[[ Available data open ]]

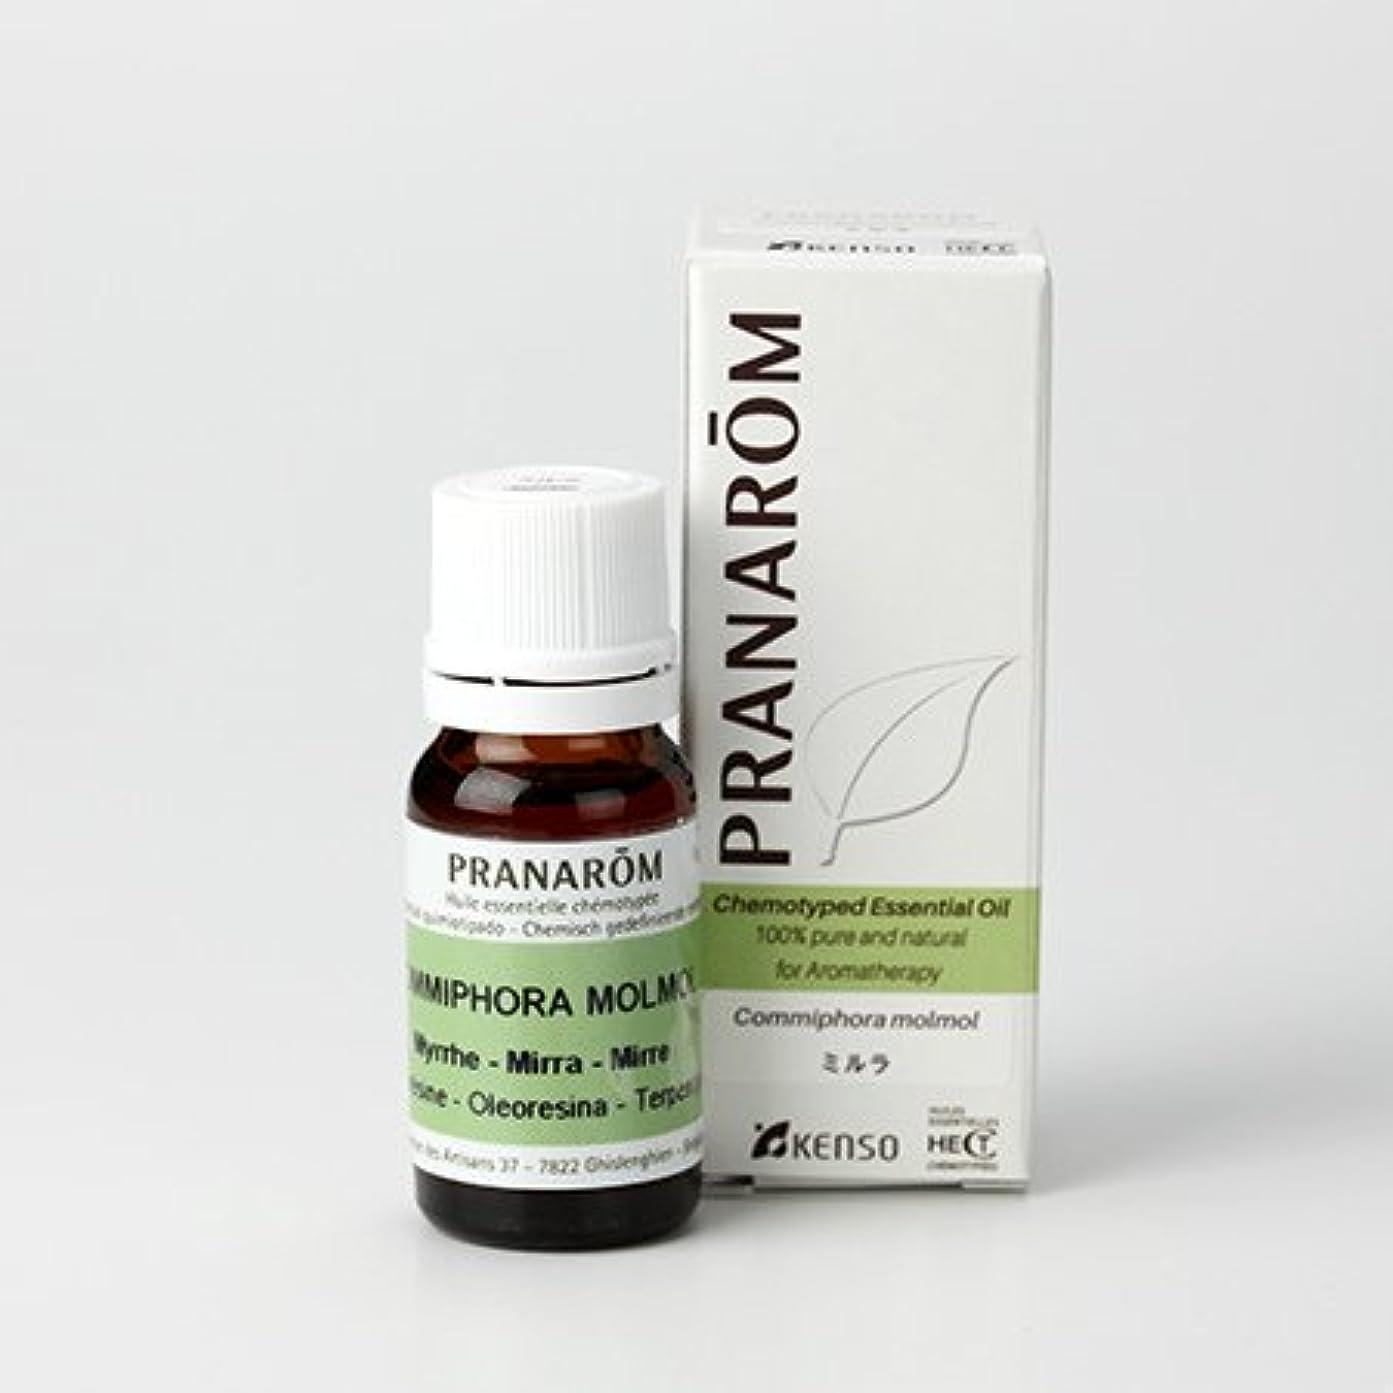 蓮攻撃的すばらしいですプラナロム ミルラ 10ml (PRANAROM ケモタイプ精油)
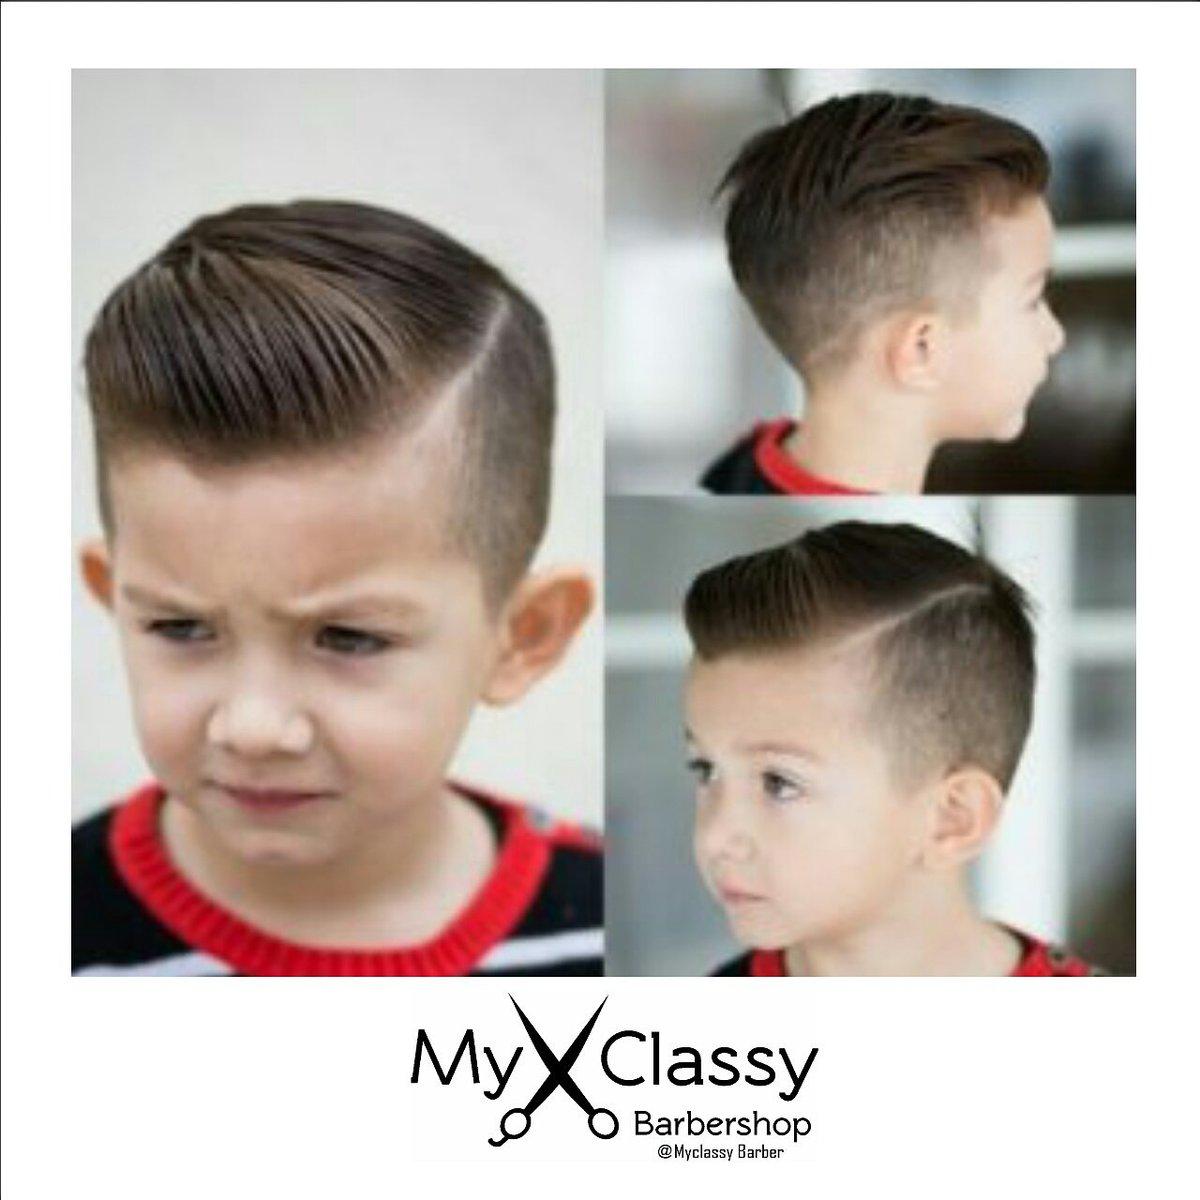 My Classy Barbershop On Twitter Model Rambut Pendek Fade Dengan Belahan Pinggir Bisa Menjadi Referensi Buat Anak Sekolahan Nih Rapih Tapi Tp Tetep Keren Dan Gaya Https T Co Xbipafqbgt
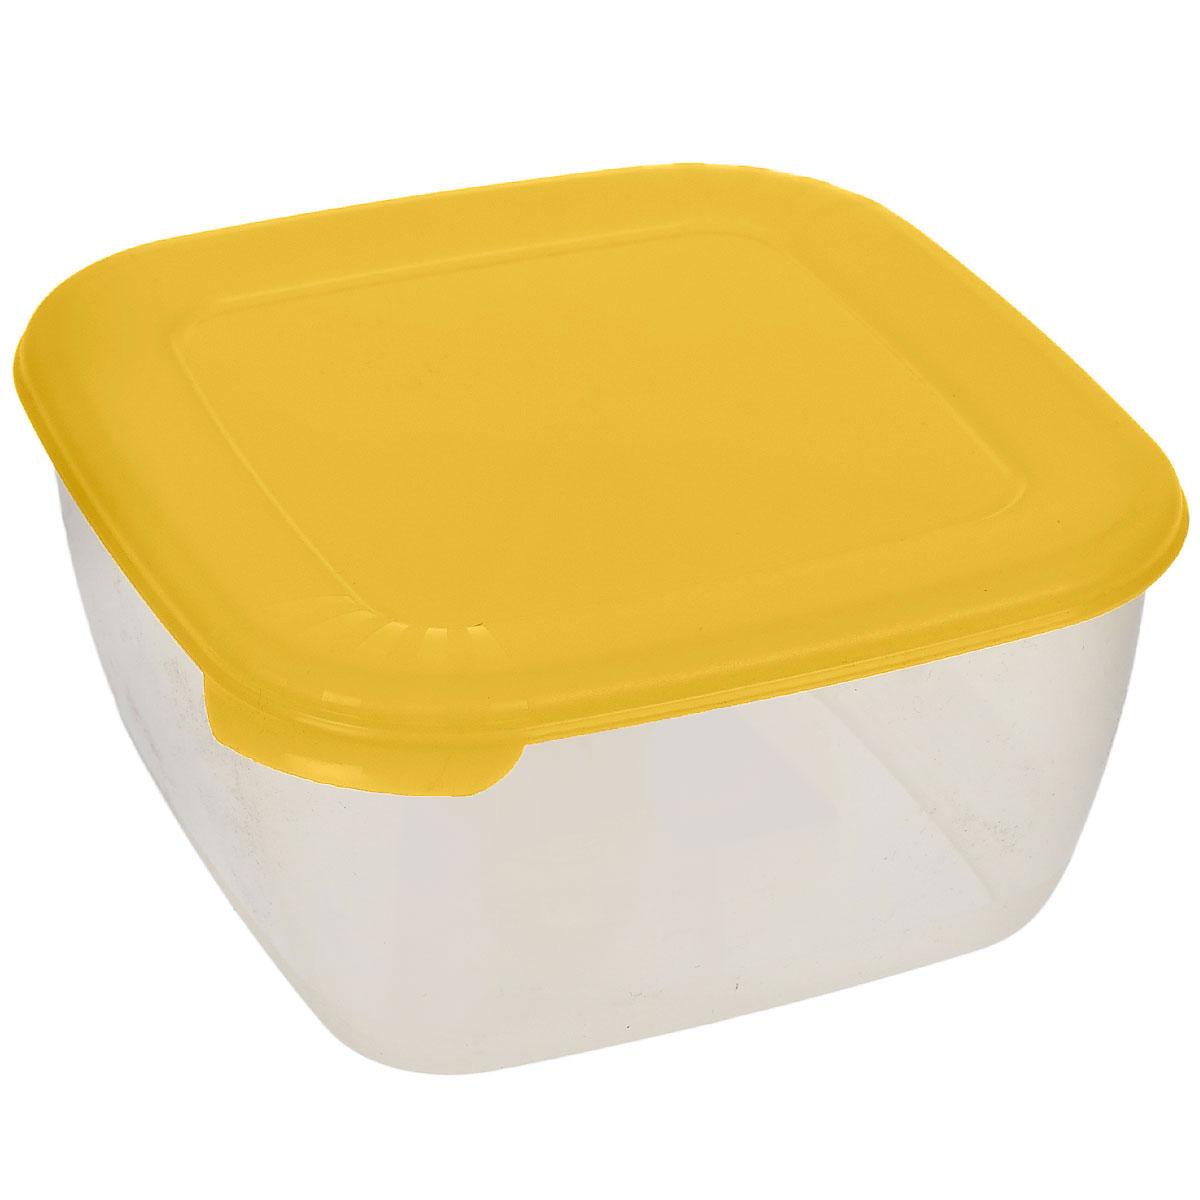 Контейнер для СВЧ Полимербыт Лайт, цвет: прозрачный, желтый, 950 млС541_желтыйКонтейнер Полимербыт Лайт квадратной формы, изготовленный из прочного пластика, предназначен специально для хранения пищевых продуктов. Крышка легко открывается и плотно закрывается. Контейнер устойчив к воздействию масел и жиров, легко моется. Прозрачные стенки позволяют видеть содержимое. Контейнер имеет возможность хранения продуктов глубокой заморозки, обладает высокой прочностью. Можно мыть в посудомоечной машине. Контейнер подходит для использования в микроволновой печи без крышки, а также для заморозки в морозильной камере.

[[ Available data closed ]]

Requirement: The reply should hold every line of the material above, unchanged, and no pictures.

Result of the task:
 蓮攻撃的すばらしいですプラナロム ミルラ 10ml (PRANAROM ケモタイプ精油)
 My Classy Barbershop On Twitter Model Rambut Pendek Fade Dengan Belahan Pinggir Bisa Menjadi Referensi Buat Anak Sekolahan Nih Rapih Tapi Tp Tetep Keren Dan Gaya Https T Co Xbipafqbgt
 Контейнер для СВЧ Полимербыт Лайт, цвет: прозрачный, желтый, 950 млС541_желтыйКонтейнер Полимербыт Лайт квадратной формы, изготовленный из прочного пластика, предназначен специально для хранения пищевых продуктов. Крышка легко открывается и плотно закрывается. Контейнер устойчив к воздействию масел и жиров, легко моется. Прозрачные стенки позволяют видеть содержимое. Контейнер имеет возможность хранения продуктов глубокой заморозки, обладает высокой прочностью. Можно мыть в посудомоечной машине. Контейнер подходит для использования в микроволновой печи без крышки, а также для заморозки в морозильной камере.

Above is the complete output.